> **Work item**
All that is needed is the line containing "Birds of the Psalms" and the lines after it to the end of the material, written out exactly, pictures left aside.

> **Data segment**

__________________________________________________

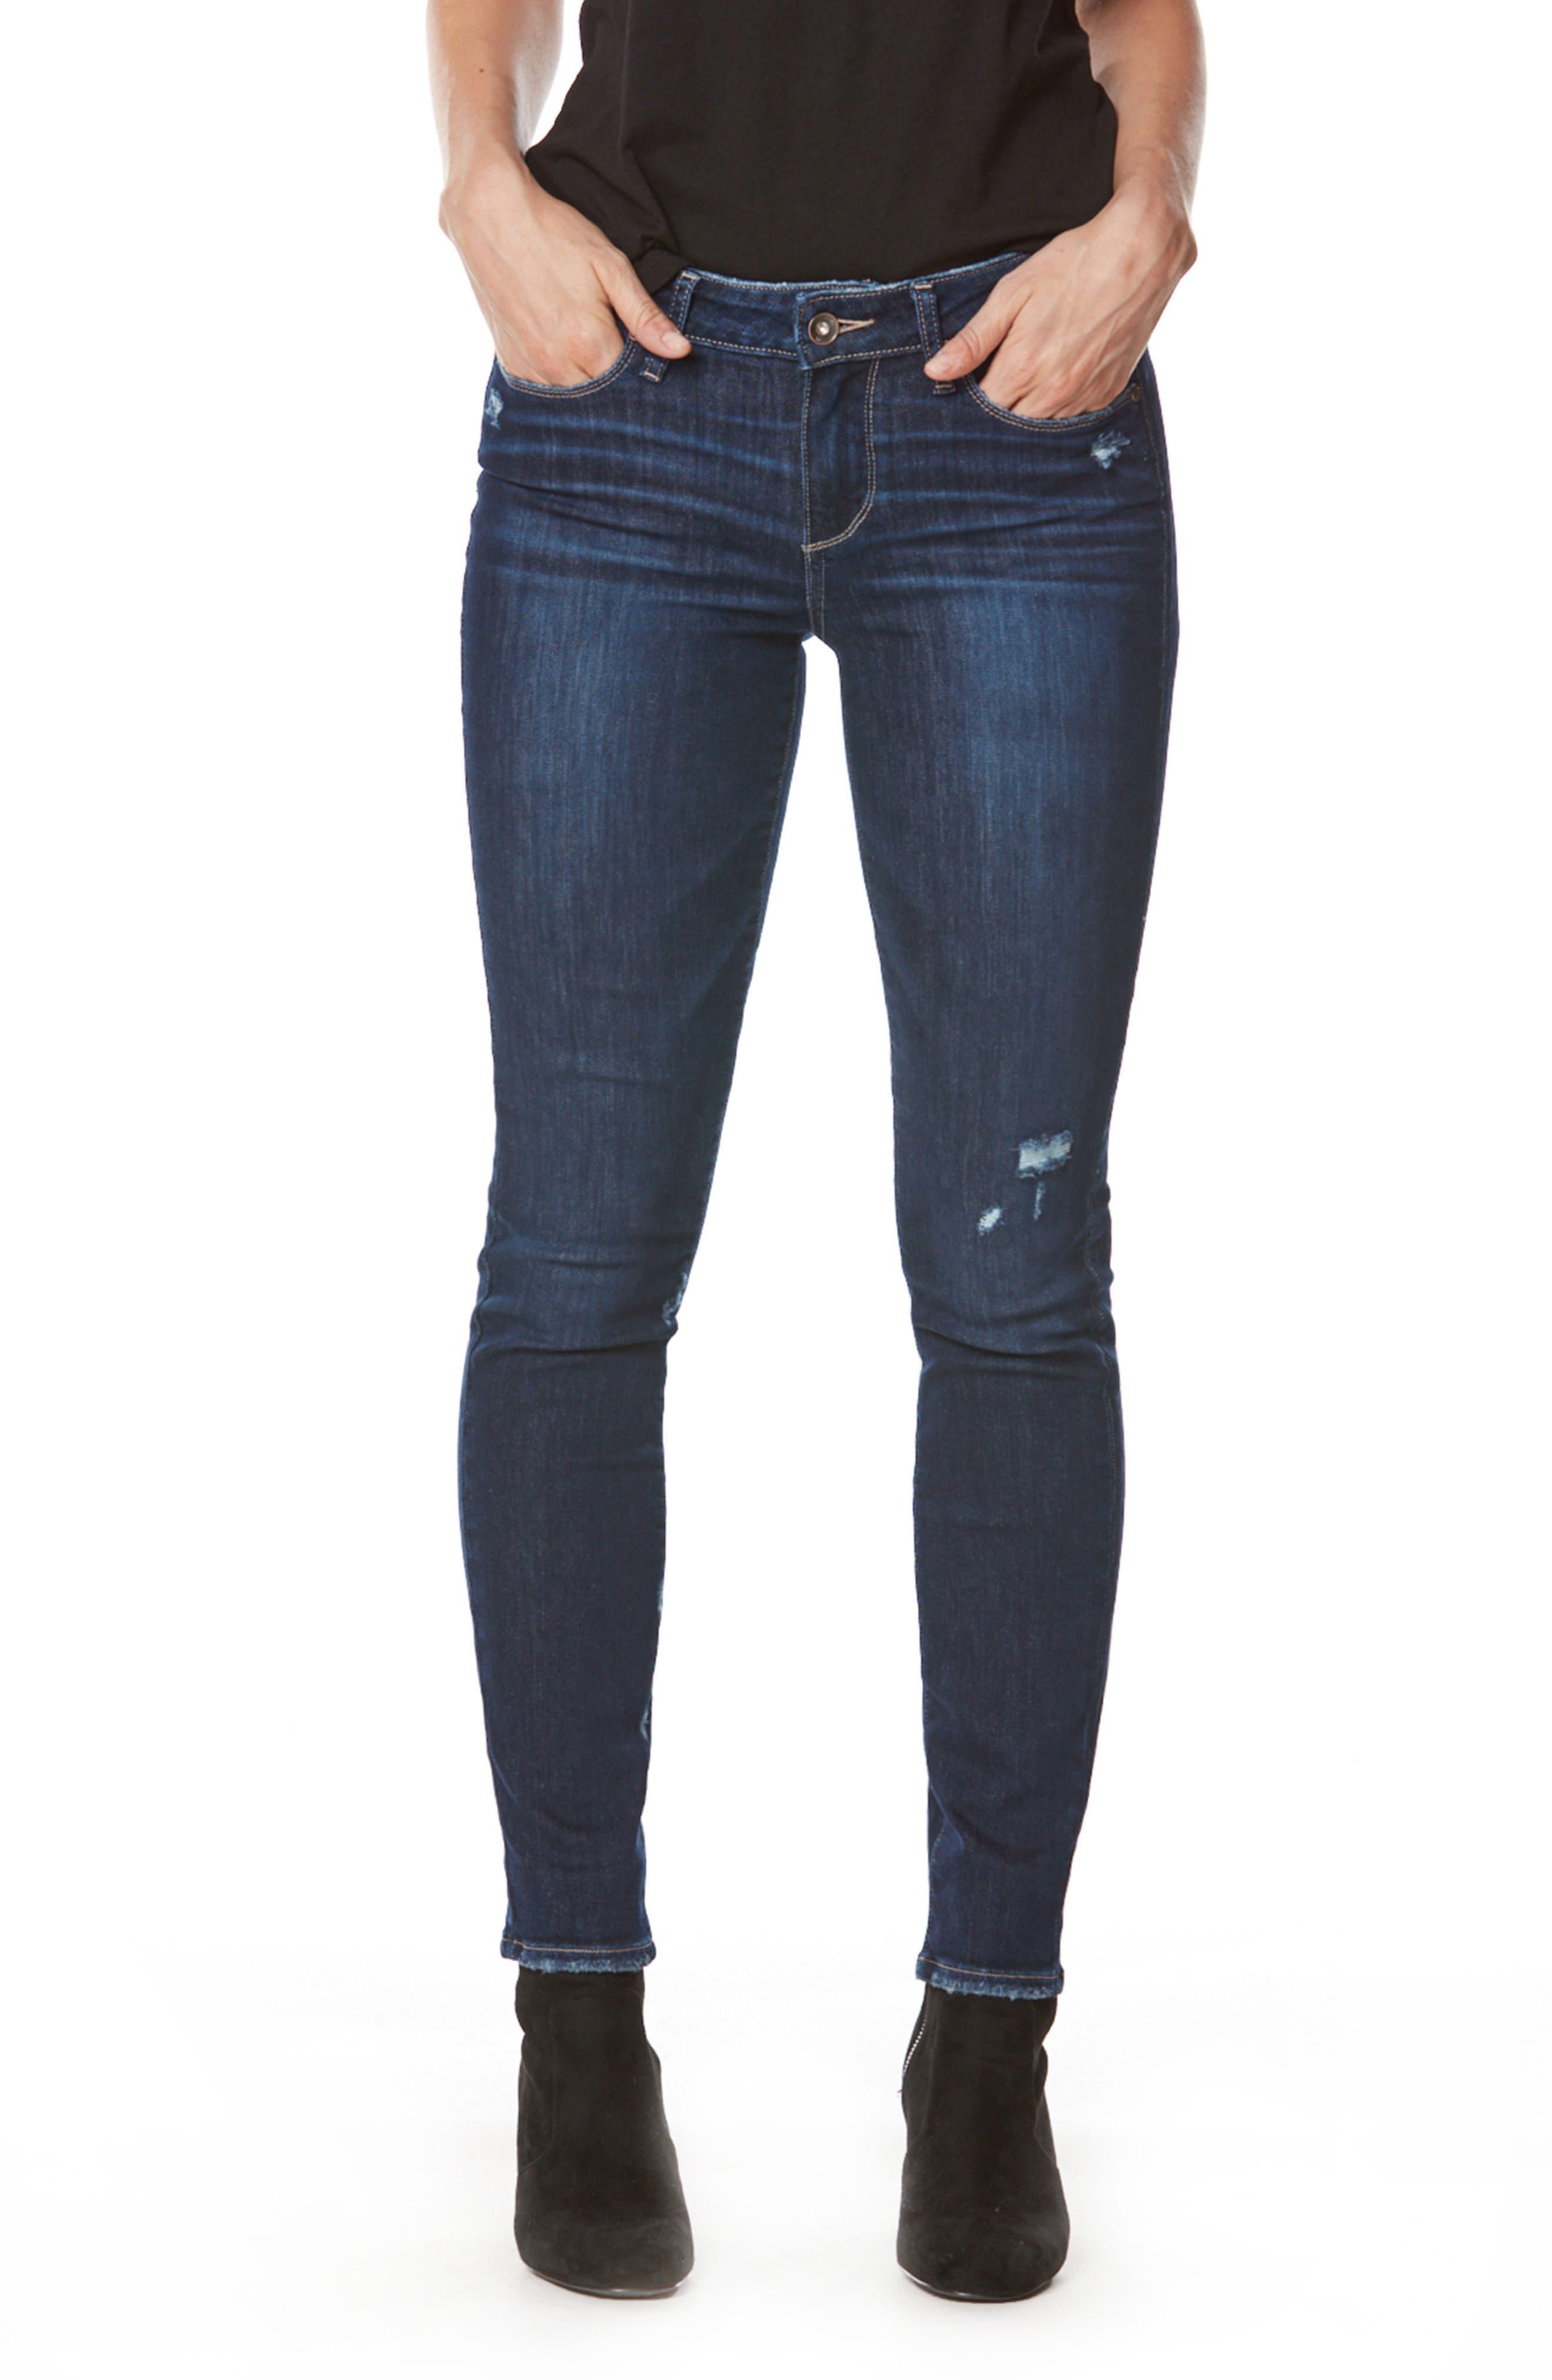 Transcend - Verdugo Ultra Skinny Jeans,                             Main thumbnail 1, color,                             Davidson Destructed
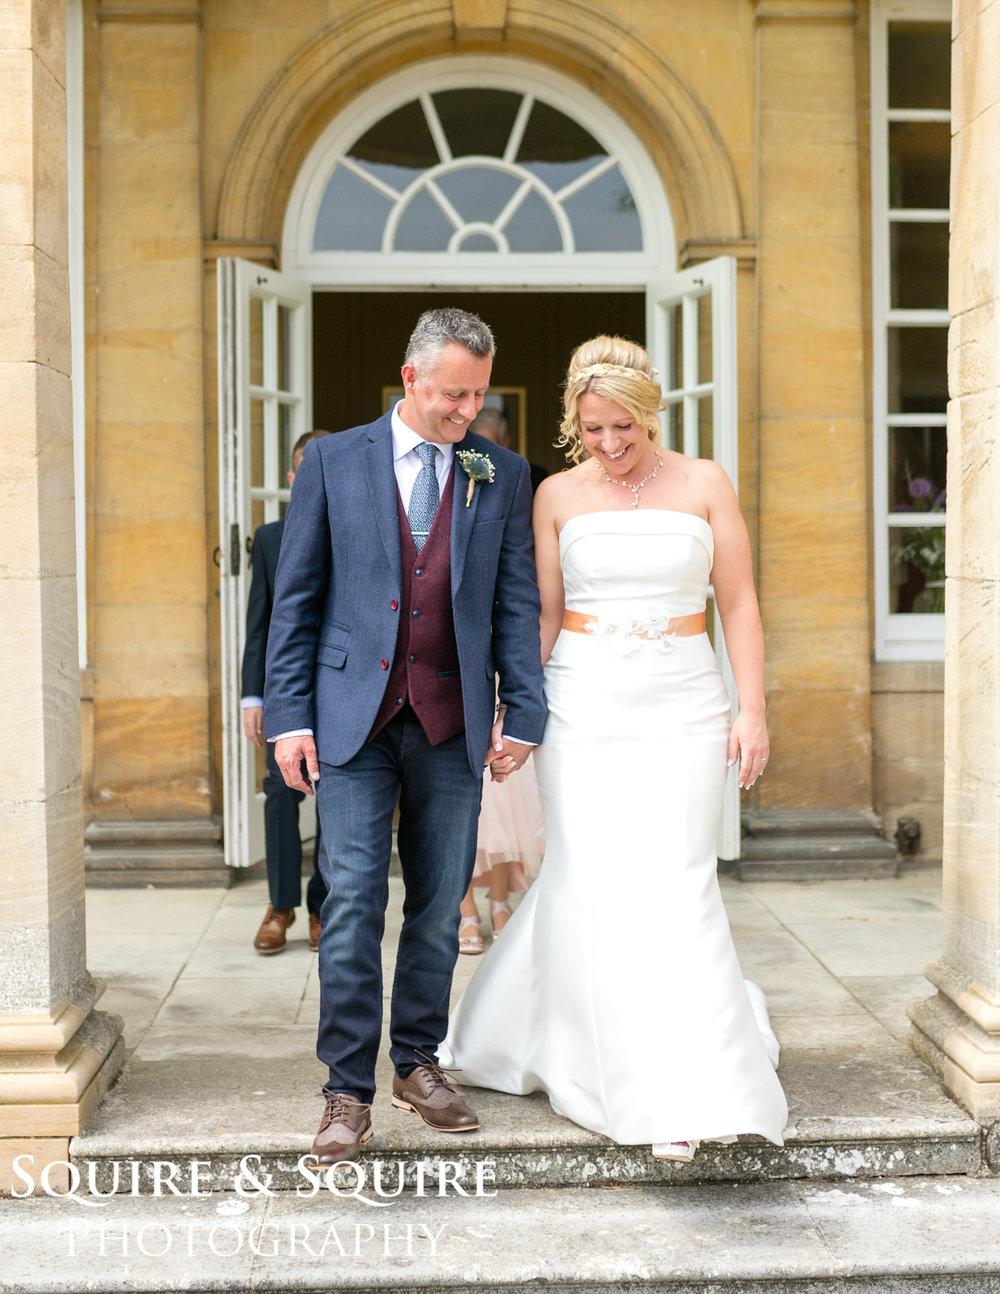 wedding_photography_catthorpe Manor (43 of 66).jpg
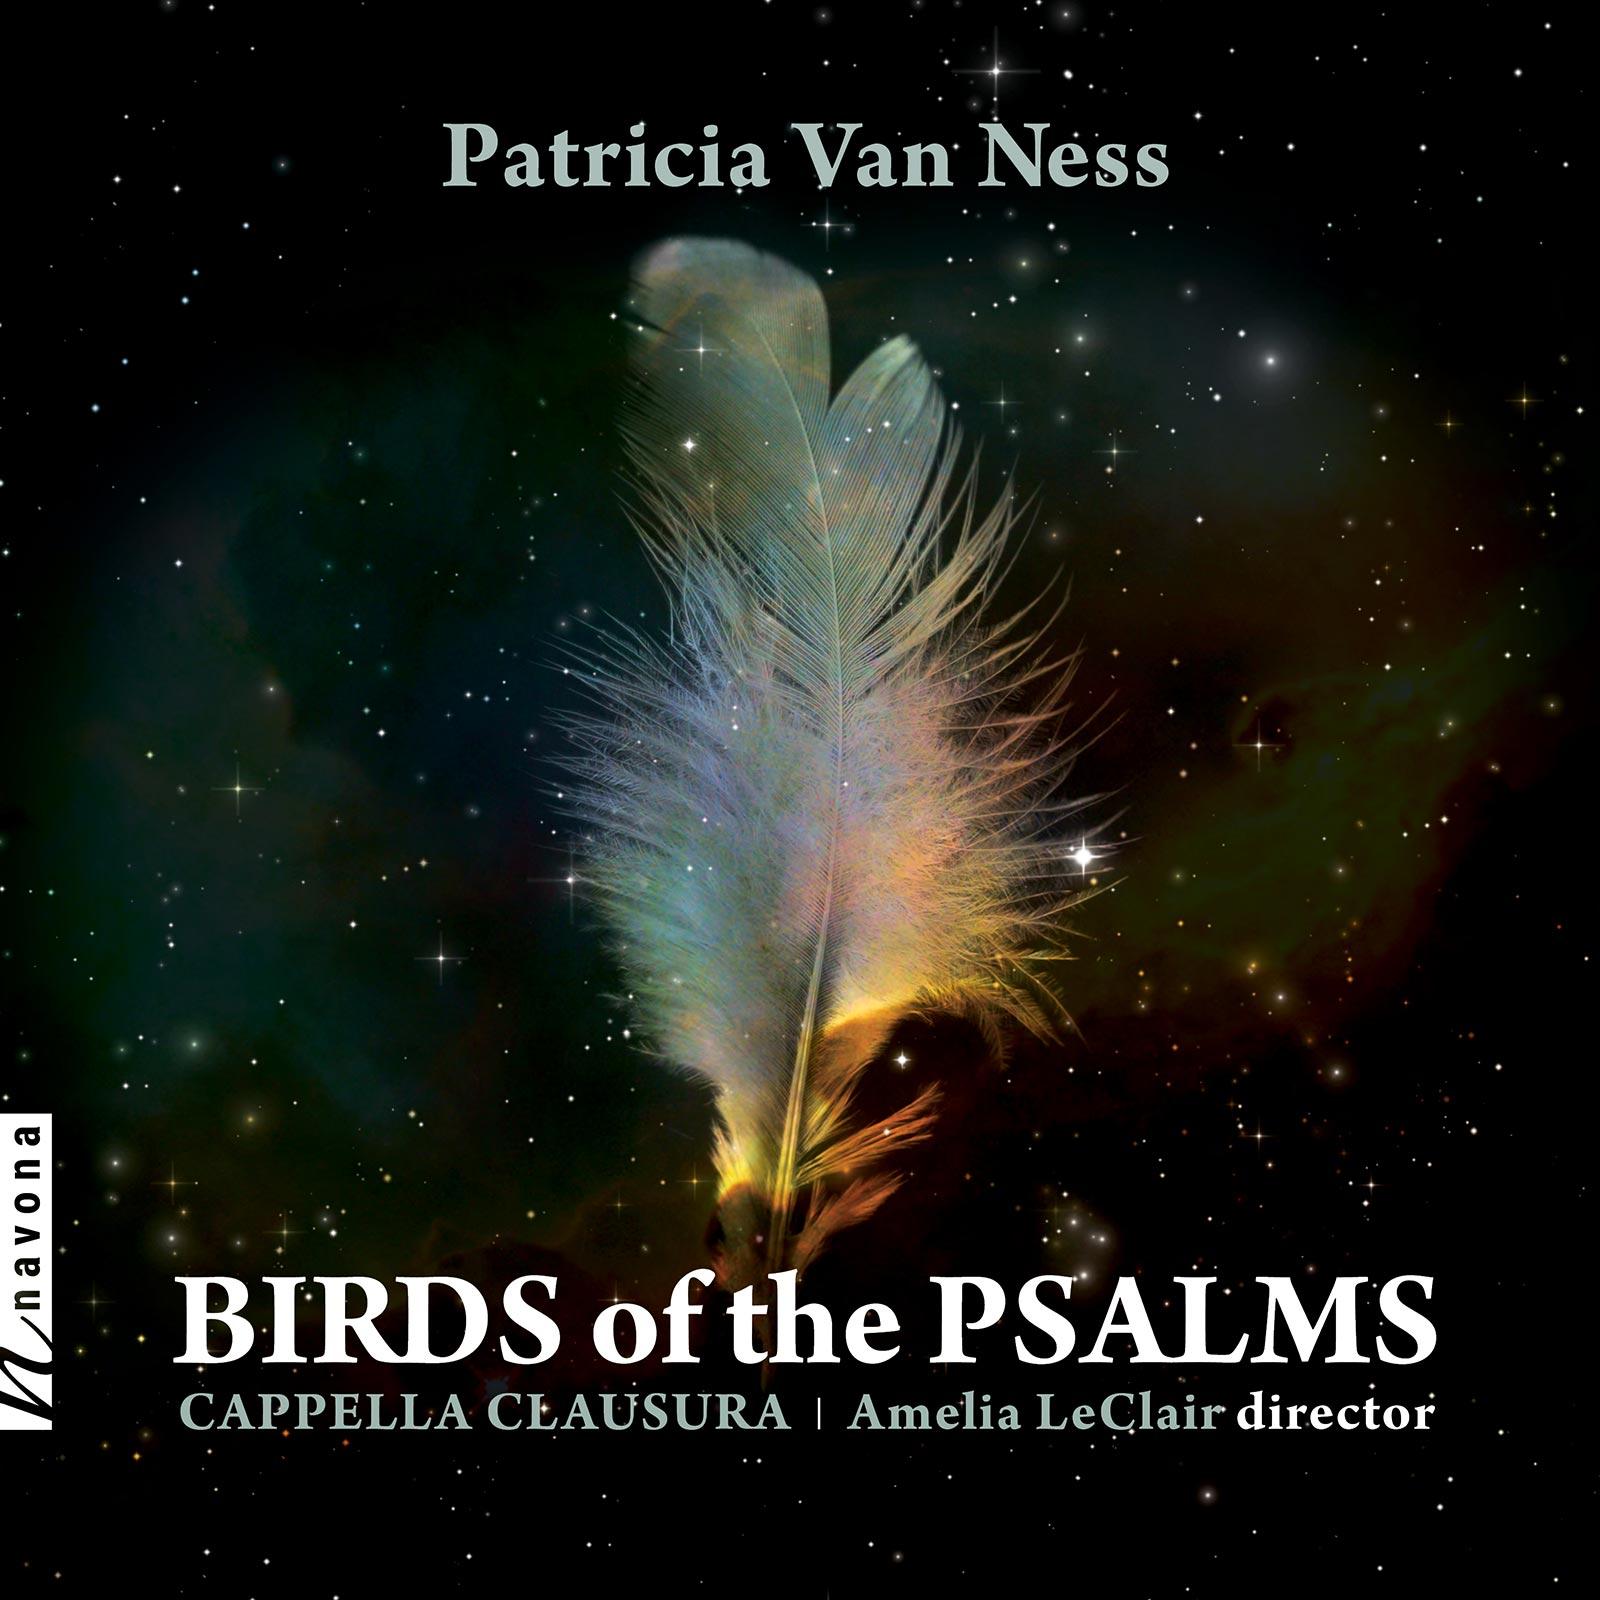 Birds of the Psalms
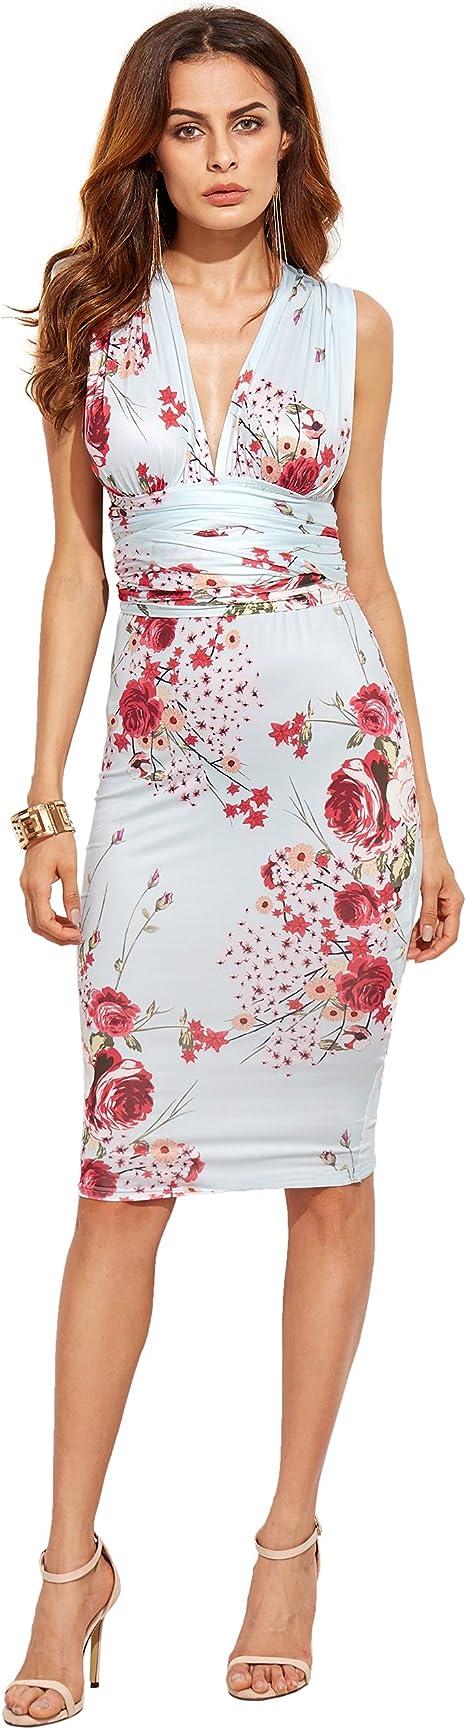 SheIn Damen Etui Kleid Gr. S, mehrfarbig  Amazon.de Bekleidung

__________________________________________________

> **Completed task**
 Birds of the Psalms
 SheIn Damen Etui Kleid Gr. S, mehrfarbig  Amazon.de Bekleidung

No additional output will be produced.